Argument Default Description
-w/--workdir CWD env setting The working directory
-t/--tmp workdir/tmp The temporary files folder
-r/--result_db Mandatory SQLite database with results from mapping and translated transcript calling
-b/--untr_bam Get from results database BAM file of the untreated/CHX sample
-o/--offsets Get from results database Custom list of offsets, but defaultly the program takes these from the results database
-c/--cores Get from results database Defaultly taken from the results database, but you can suggest a different amount of cores especially for SPECtre
-x/--threads_per_chrom 1 The number of threads used per chromosome to run SPECtre
-f/--fdr 0.05 FDR threshold used in SPECtre
-h/--help / Show help message

Caution: SPECtre is currently not suited to work with large offset list like outputted by Plastid. Therefore, it is advisable to only use a list of the P-site offsets of the most abundant RPF lengths.

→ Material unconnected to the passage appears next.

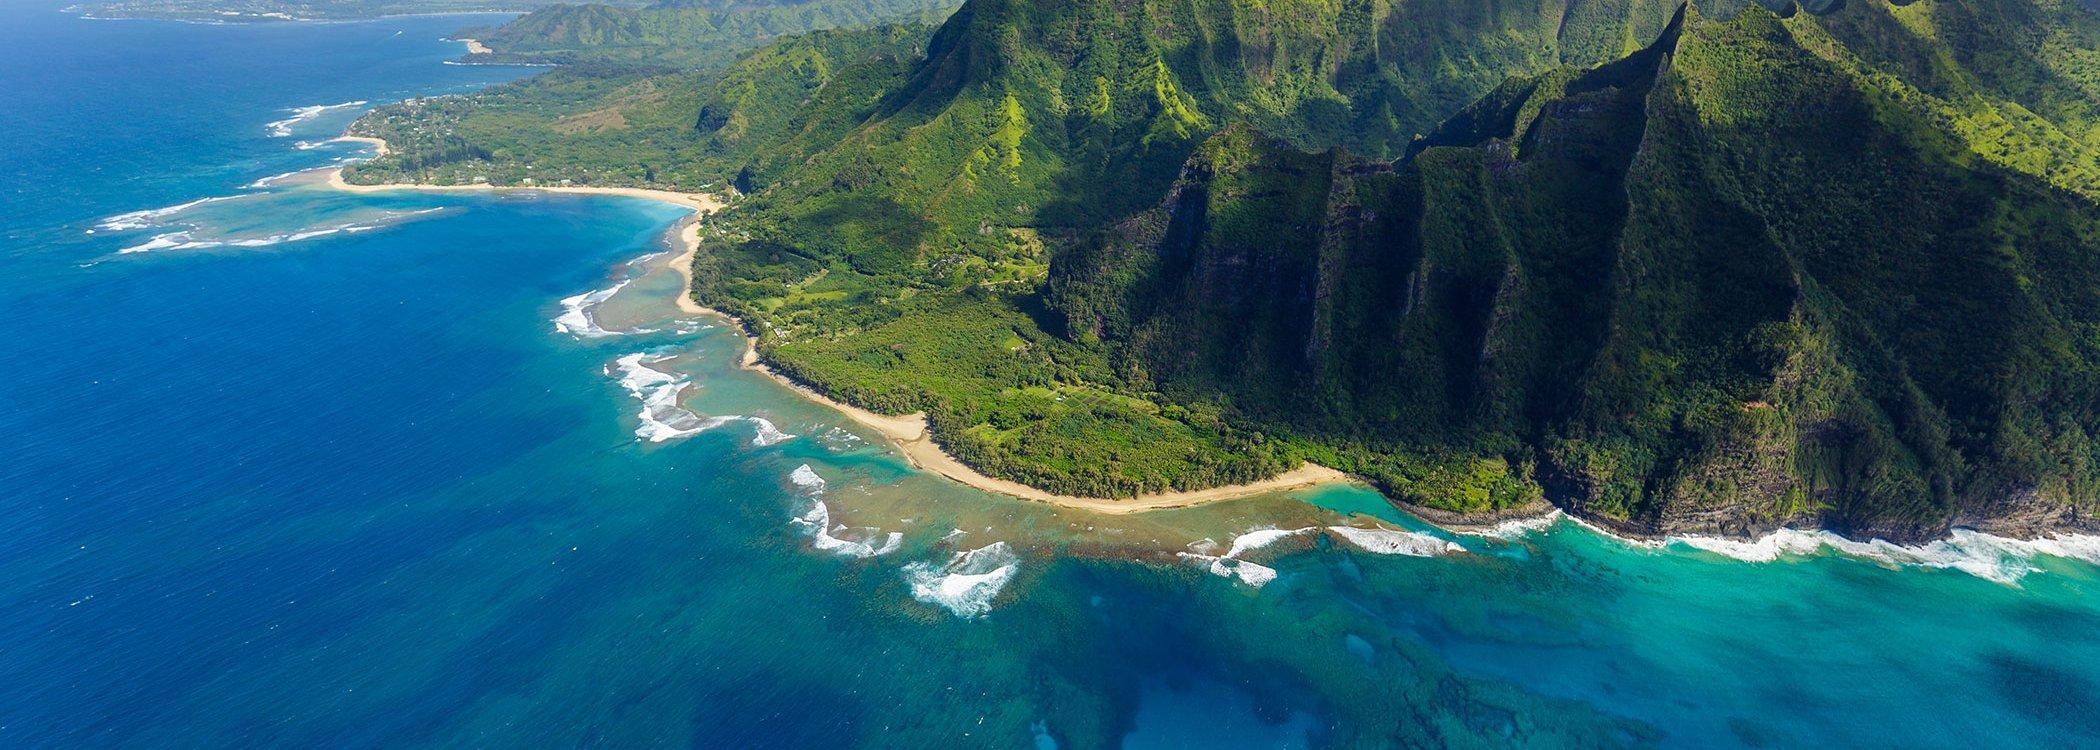 Kauai Must See And Do

The output table has the following format:

tr_stable_id chr strand start start_codon stop starts_list ends_list dist_to_transcript_start dist_to_aTIS annotation biotype aTIS_call peak_shift count Rltm_min_Rchx coverage FPKM SNP INDEL secs tr_seq aa_seq spectre_id
ENST00000588919 19 1 1104125 ATG 1106766 1104125_1105186_1105366_1105658_1106242_1106378_1106540 1104127_1105280_1105510_1105809_1106266_1106459_1106766 53 0 aTIS protein_coding NA NA 27921.0 NA 0.552812071331 277.962315247 97_96 ATGTGCGCGTCCCGGGACGACTGGCGCTGTGCGCGCTCCATGCACGAGTTTTCCGCCAAGGACATCGACGGGCACATGGTTAACCTGGACAAGTACCGGGGCTTCGTGTGCATCGTCACCAACGTGGCCTCCCAGTGAGGCAAGACCGAAGTAAACTACACTCAGCTCGTCGACCTGCACGCCCGATACGCTGAGTGTGGTTTGCGGATCCTGGCCTTCCCGTGTAACCAGTTCGGGAAGCAGGAGCCAGGGAGTAACGAAGAGATCAAAGAGTTCGCCGCGGGCTACAACGTCAAATTCGATATGTTCAGCAAGATCTGCGTGAACGGGGACGACGCCCACCCGCTGTGGAAGTGGATGAAGATCCAACCCAAGGGCAAGGGCATCCTGGGAAATGCCATCAAGTGGAACTTCACCAAGTTTGGACACCGTCTCTCCACAGTTCCTCATCGACAAGAACGGCTGCGTGGTGAAGCGCTACGGACCCATGGAGGAGCCCCTGGTGATAGAGAAGGACCTGCCCCACTATTTCTAGCTCCACAAGTGTGTGGCCCCGCCCGAGCCCCTGCCCACGCCCTTGGAGCCTTCCACCGGCACTCATGACGGCCTGCCTGCAAACCTGCTGGTGGGGCAGACCCGAAAATCCAGCGTGCACCCCGCCGGAGGAAGGTCCCATGGCCTGCTGGGCTTGGCTCGGCGCCCCCACCCCTGGCTACCTTGTGGGAATAA MCASRDDWRCARSMHEFSAKDIDGHMVNLDKYRGFVCIVTNVASQUGKTEVNYTQLVDLHARYAECGLRILAFPCNQFGKQEPGSNEEIKEFAAGYNVKFDMFSKICVNGDDAHPLWKWMKIQPKGKGILGNAIKWNFTKFGHRLSTVPHRQERLRGEALRTHGGAPGDREGPAPLFLAPQVCGPARAPAHALGAFHRHSURPACKPAGGADPKIQRAPRRRKVPWPAGLGSAPPPLATLWE* 55220
... ... ... ... ... ... ... ... ... ... ... ... ... ... ... ... ... ... ... ... ... ... ... ...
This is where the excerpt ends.